I loves me some new ways to explore large pools of frequently-updated information. (Dear ThinkGeek, please slap that on a t-shirt. Love, Tara.) A play I found recently is WikiMindMap, at http://www.wikimindmap.org/ .
Basically you start by entering a search — I found general works better — and WikiMindMap will start plotting out all the different ways your search can go. Unfortunately I started with the search cows and got some really bizarre entry about how cows were invented and sent back in time to work in bullet factories in 1775.
After I stopped laughing I did another search — this time for coffee and got a much more prosaic response. A “mindmap” — one of those diagrams that starts with a central idea and then sort of runs off in all directions — appears. Some parts of the mindmap are single concepts, while some are additional categories that you can expand. The coffee search included concepts like Persian and Ethiopia, and additional categories of information like History, Cultivation, and Economics. Hold your mouse over a category part of the mindmap to see an extract from Wikipedia. (Note you also have the option to zoom in on the WikiMindMap. If you do that you might not be able to see that window that appears on mouseover.)
Clicking on the green icon next to a concept recenters the map so you can start over again with exploring another topic. You can also move the map around by clicking and dragging; once a few categories have been opened, maps get pretty extensive.

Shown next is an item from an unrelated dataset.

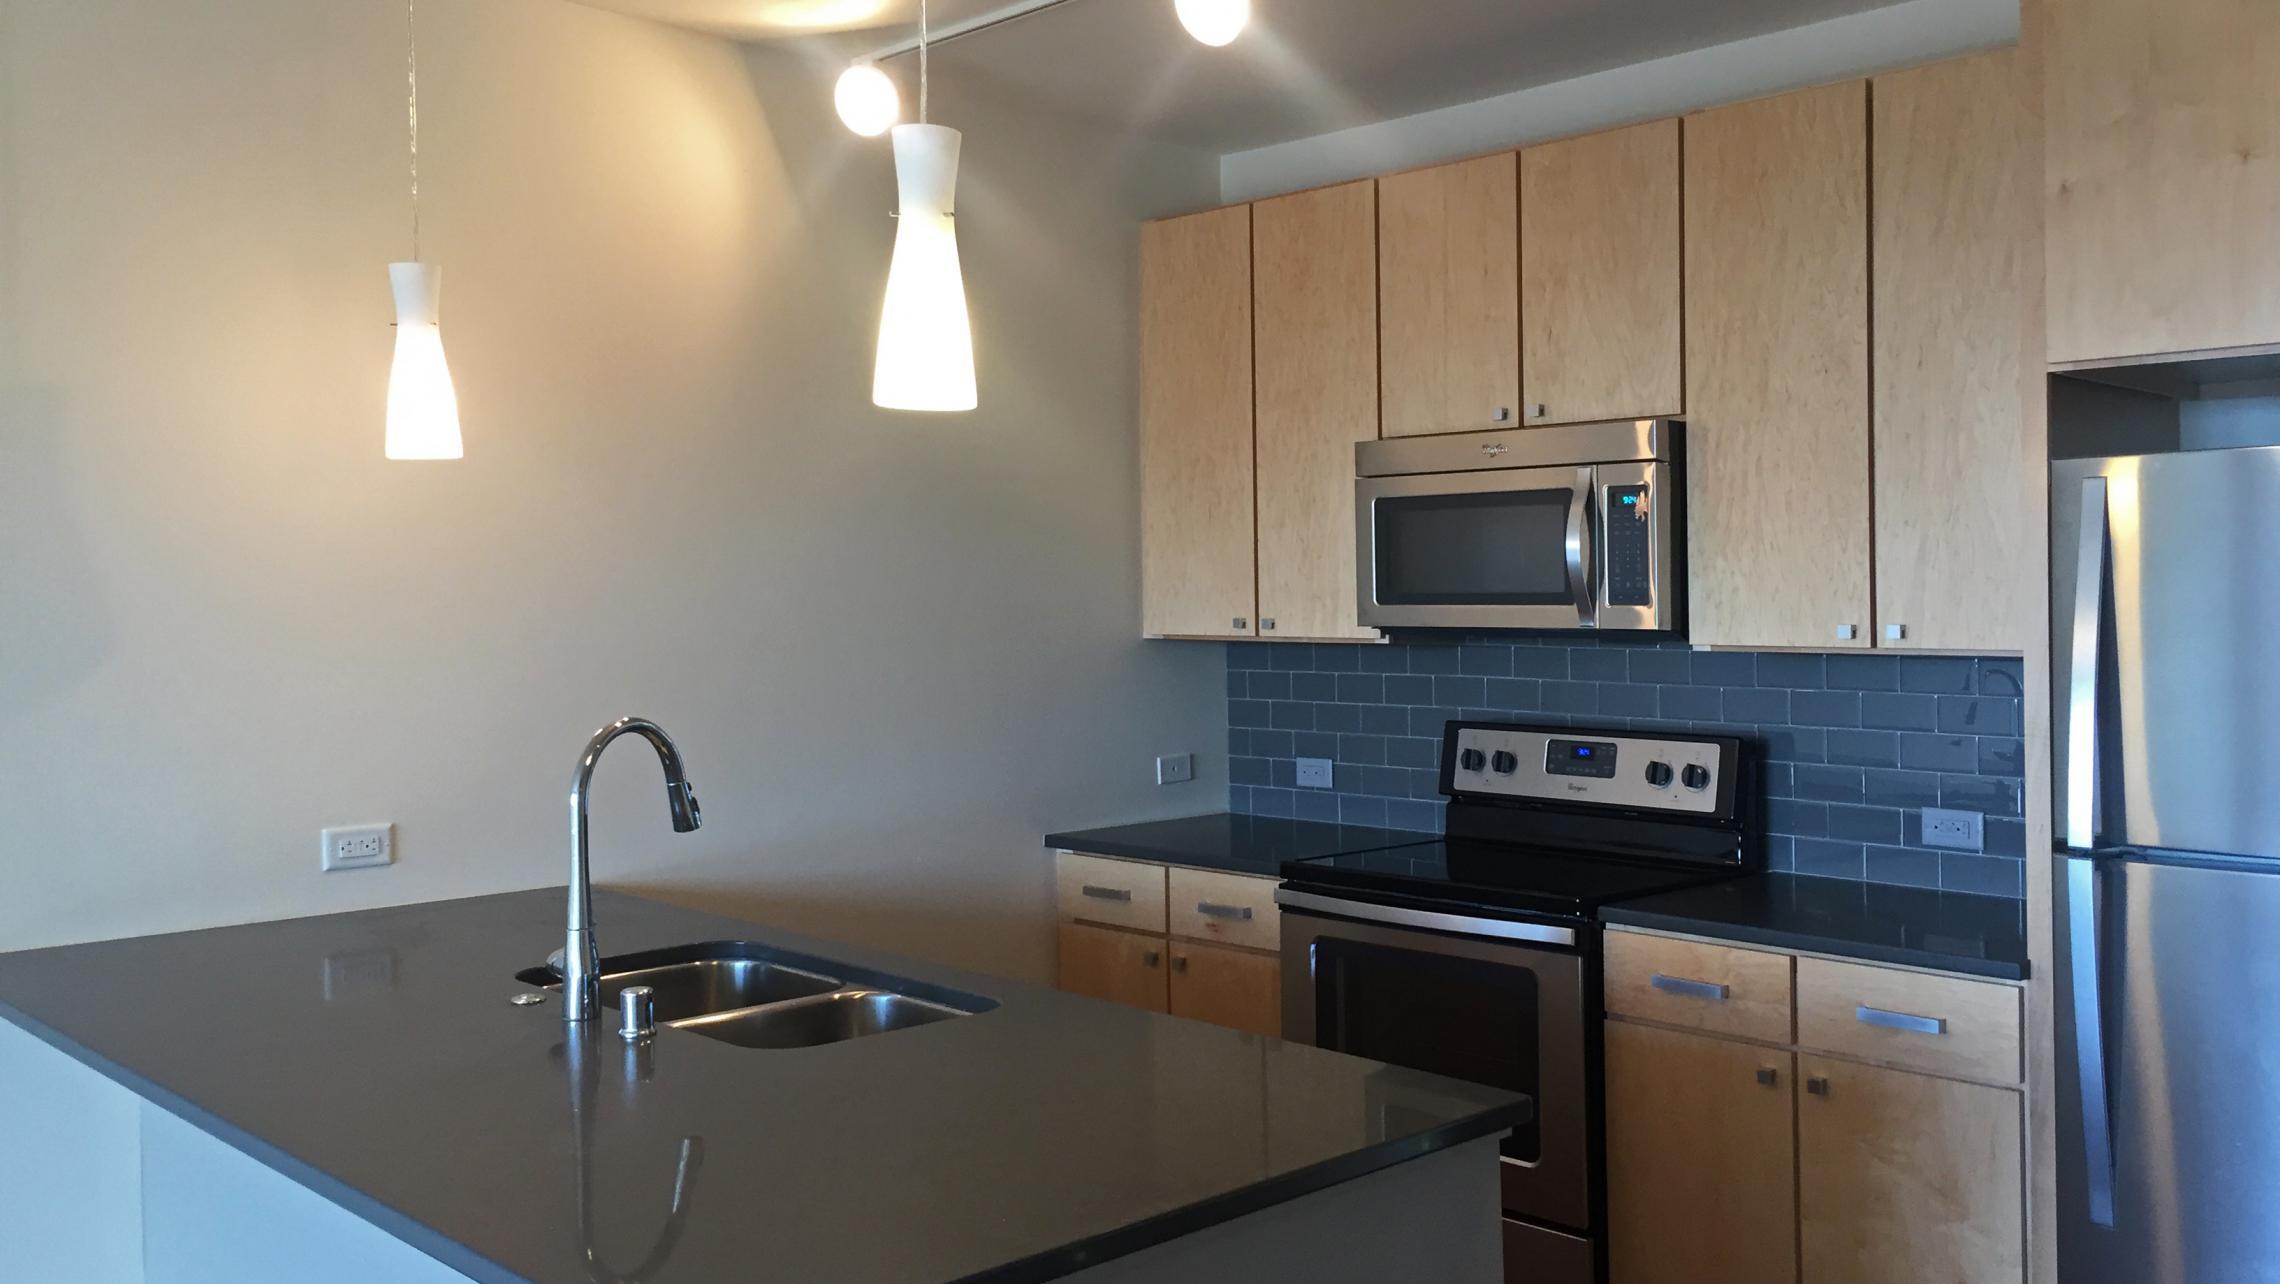 ULI Nine Line Apartment 223 - Kitchen

I picked a topic I know very little about (plasma TVs) and did some mapping to see how much I could learn. I don’t know if I got much more educated than I would have going straight to Wikipedia. I DID notice that the mapping application immediately gave me a head start on the proper vocabulary, which would be a great help if I did additional Web searching.
I tried searching for famous people with the same idea in mind, and out of three people (Sun Pin, Carl Von Clausewitz, and Jimmy Carter — sorry, I have rather an odd stack of books on the desk at the moment) only one name generated enough information to be useful (Jimmy Carter). But that search brought up a lot of keywords that might be interesting to use in an associate search, like stagflation and Camp David Accords.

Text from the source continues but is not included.